My next thought was to re-implement the script algorithm natively in bash.  Unfortunately, bash doesn't have the python standard library at its disposal.  Thankfully, however, there are a number of commands that allow us to achieve more or less what I wrote above.  I use "readlink -f /basepath/../somepath" to convert two joined paths into a normalized path.  The only problem with this is that when we executed a symlink to a shell program, it returns the location of the actual file and not the symlink.  I'm not really sure if this is a problem that merits any worrying, but I could imagine having a single "source" script, and symlinking it into different environments.  The second command I needed to replicate was os.path.basename (used to extract the directory from the scripts full path); luckily the basename program handles this identically.

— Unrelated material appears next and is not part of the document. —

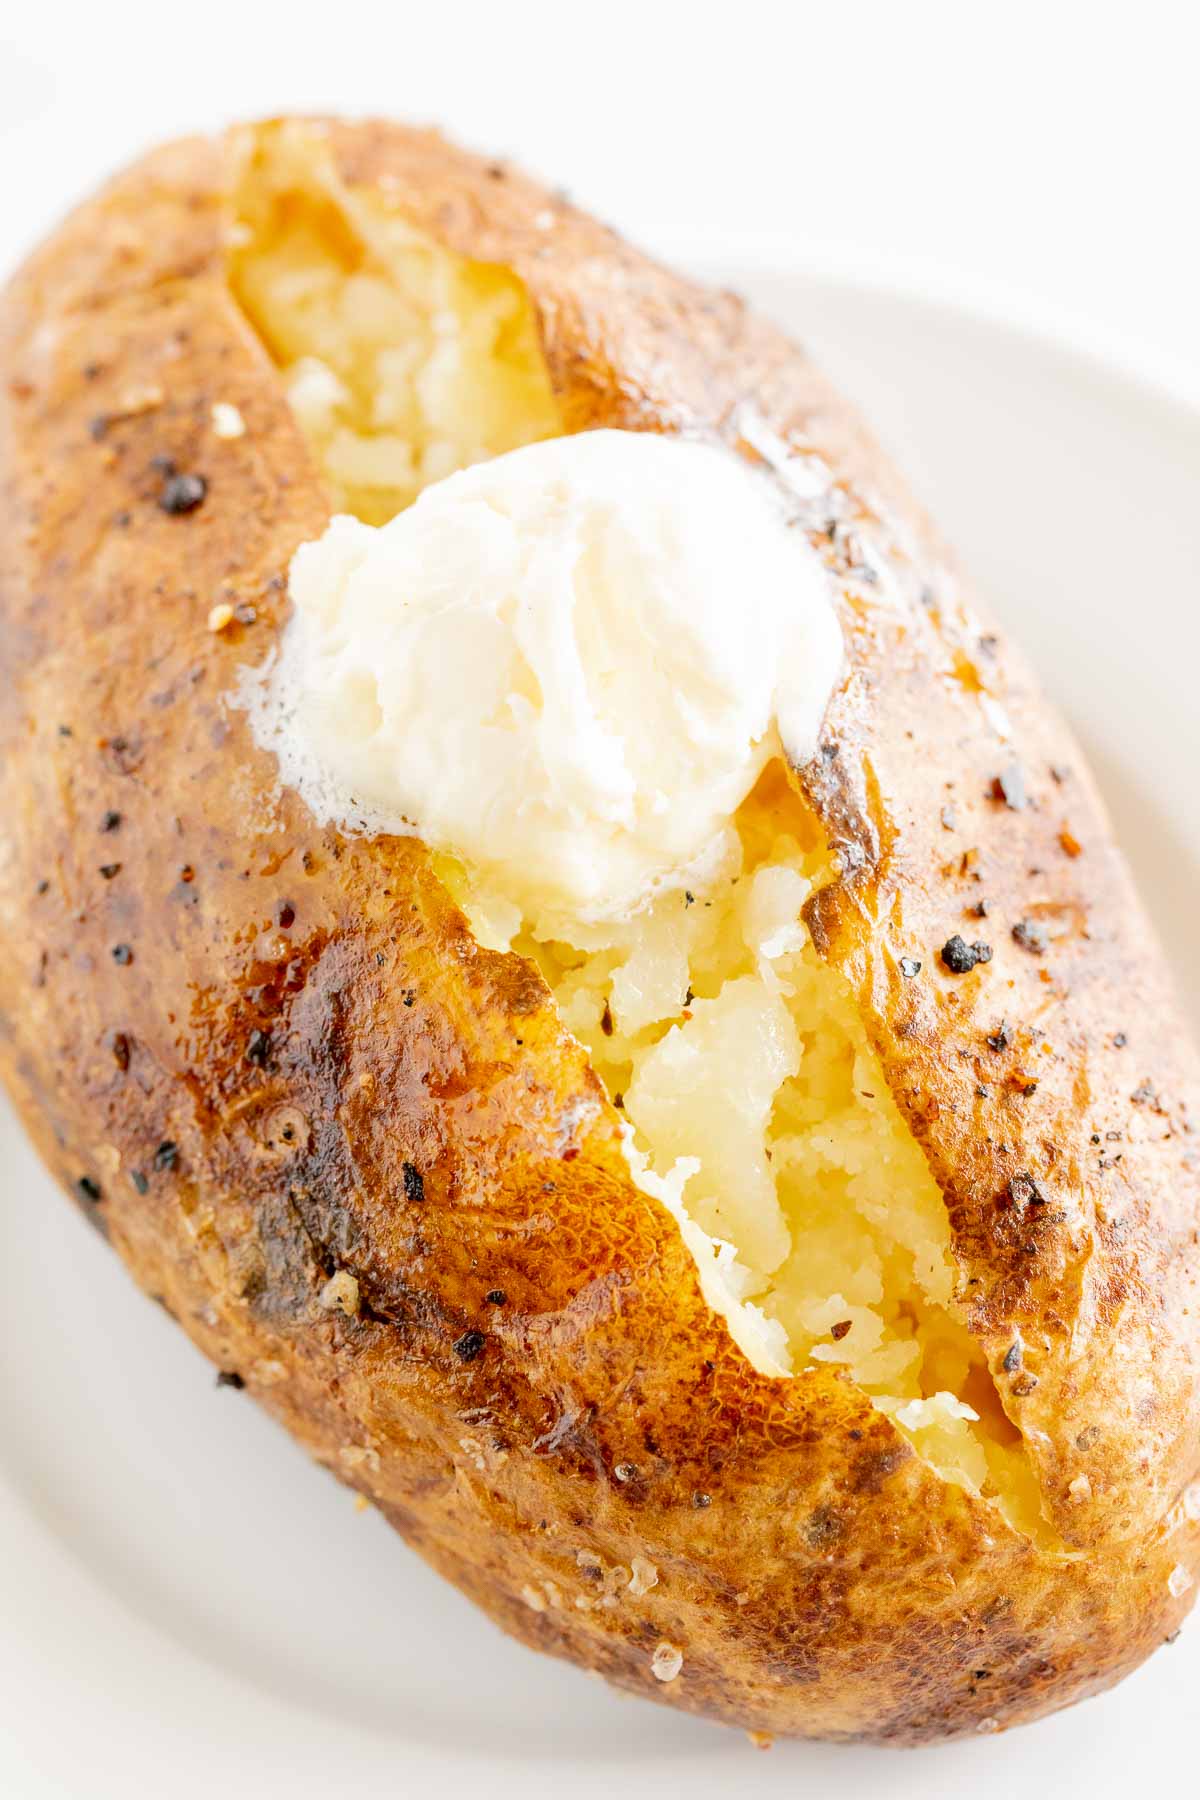 A grilled baked potato on a white plate.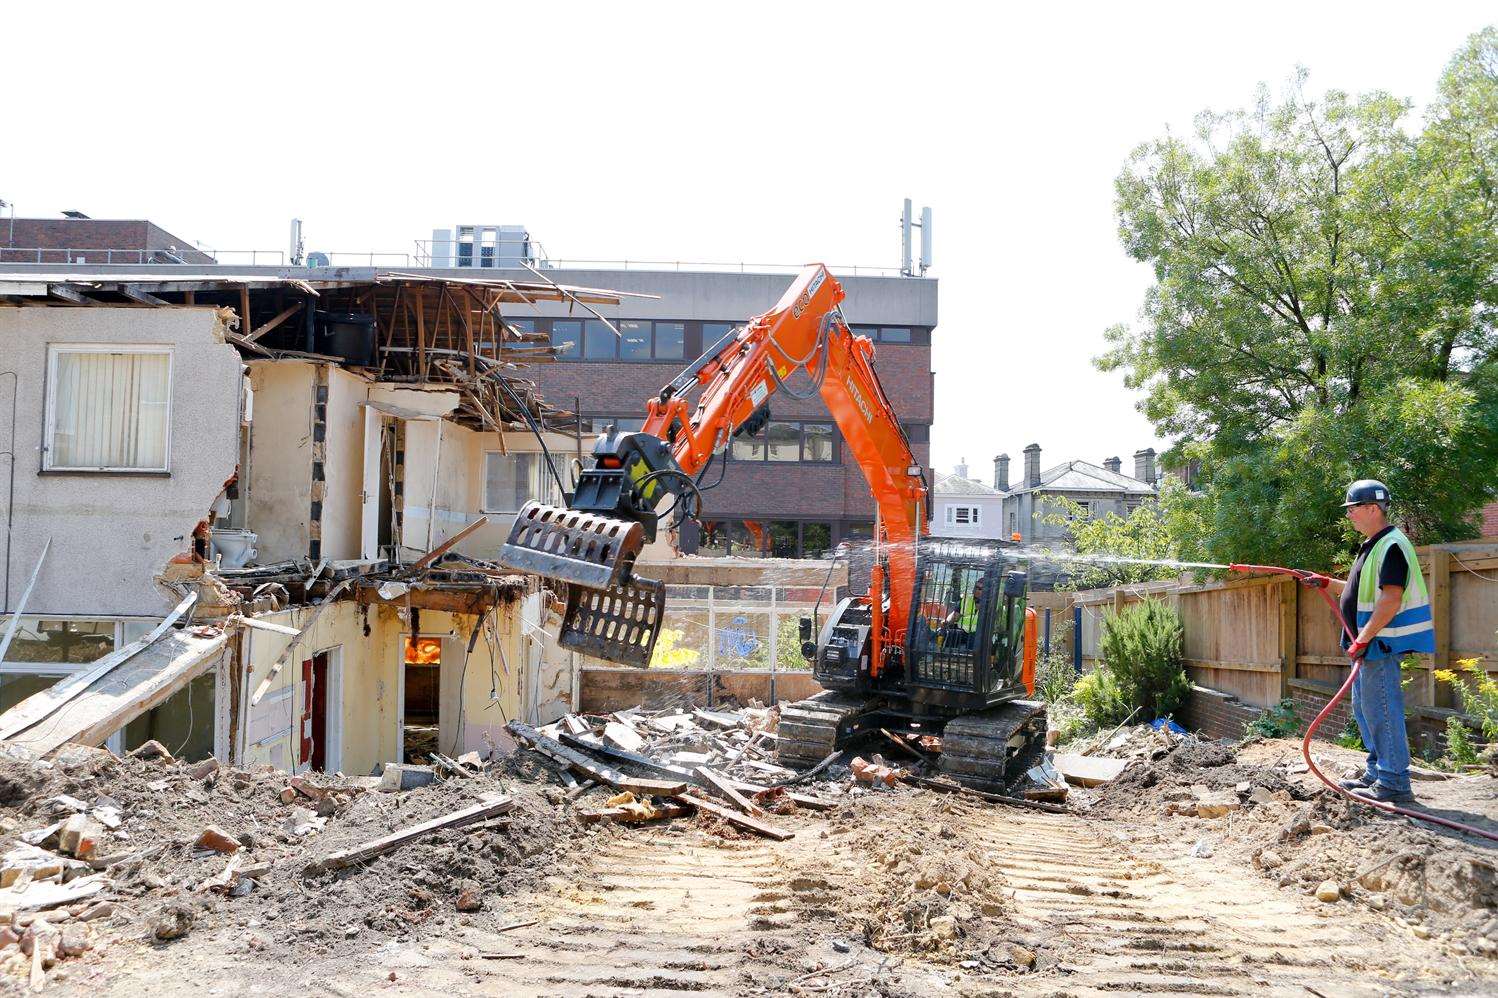 The old doctor's surgery on the southern side of the site was demolished earlier this year

I ran into one final problem in interpreting this algorithm in bash, and that was splitting the $PATH variable.  Normally the for..in control structure in bash splits a string by spaces.  We could use sed or tr to convert the colon seperated pathinto a space seperated path, but that's going to run into problems when you have spaces in you directory names.  HEre's where the $IFS variable saves us.  The $IFS variable is a variable that tells bash what characters to use to split up a string into a set.  For our purposes, we temporarily save $IFS and set it to a single colon.  This allows you to perform a simple "for DIR in $PATH".  If you've got colons in you directories, well hey, you could have used python... ;-) Here's that script:

 
# The same algorithm implemented almost purely in bash
if [ "$0" == "`basename $0`" ]; then 
    # The IFS internal variable tells bash how to split a string into
    # variables for a list.  Since the PATH variable is colon seperated, we
    # will temporarily change this variable in order to interpret the path.
    export SAVED_IFS="${IFS}"; 
    export IFS=":"; 

    for DIR in $PATH; do       
        if [ -f "${DIR}/$0" ] || [ -L "${DIR}/$0" ]; then
            THERE="${DIR}/$0" ;
            break;
        fi;
    done;
    
    # We restore the saved IFS variable to return string handling to normal.
    export IFS="${SAVED_IFS}"  
else
    THERE=`readlink -f $0` ;   
fi

The same script is 20 lines in bash, which is an improvement.  At this point I was happy enough with the result that I started to embed it into our local copy of etc-update.  In doing so, however, I ran across a usage of the type built-in command that piqued my interest.  It was being used to test for the existence of egrep on the system.  It turns out that "type -p path" looks for a file-based command and prints it if it exists.  I figured that this could be used in an even shorter bash only script, and wrote a test script to do so.  In checking out the various permutations (in a symlink, from the path, etc.) I found out something interesting: when you invoke a script through in the path directly, bash sets Arg0 to the full path.  "Great!" I thought, combine that with readlink from above, and I have a one-liner.

And then it hit me.

which

From the which man page:

Which takes one or more arguments. For each of its arguments it prints to stdout the full path of the executables that would have been executed when this argument had been entered at the shell prompt. It does this by searching for an executable or script in the directories listed in the environment variable PATH using the same algorithm as bash(1).

The captian obvious award of the day goes to me.  "which $0" will always return the full path, as bash sees it, of the script file.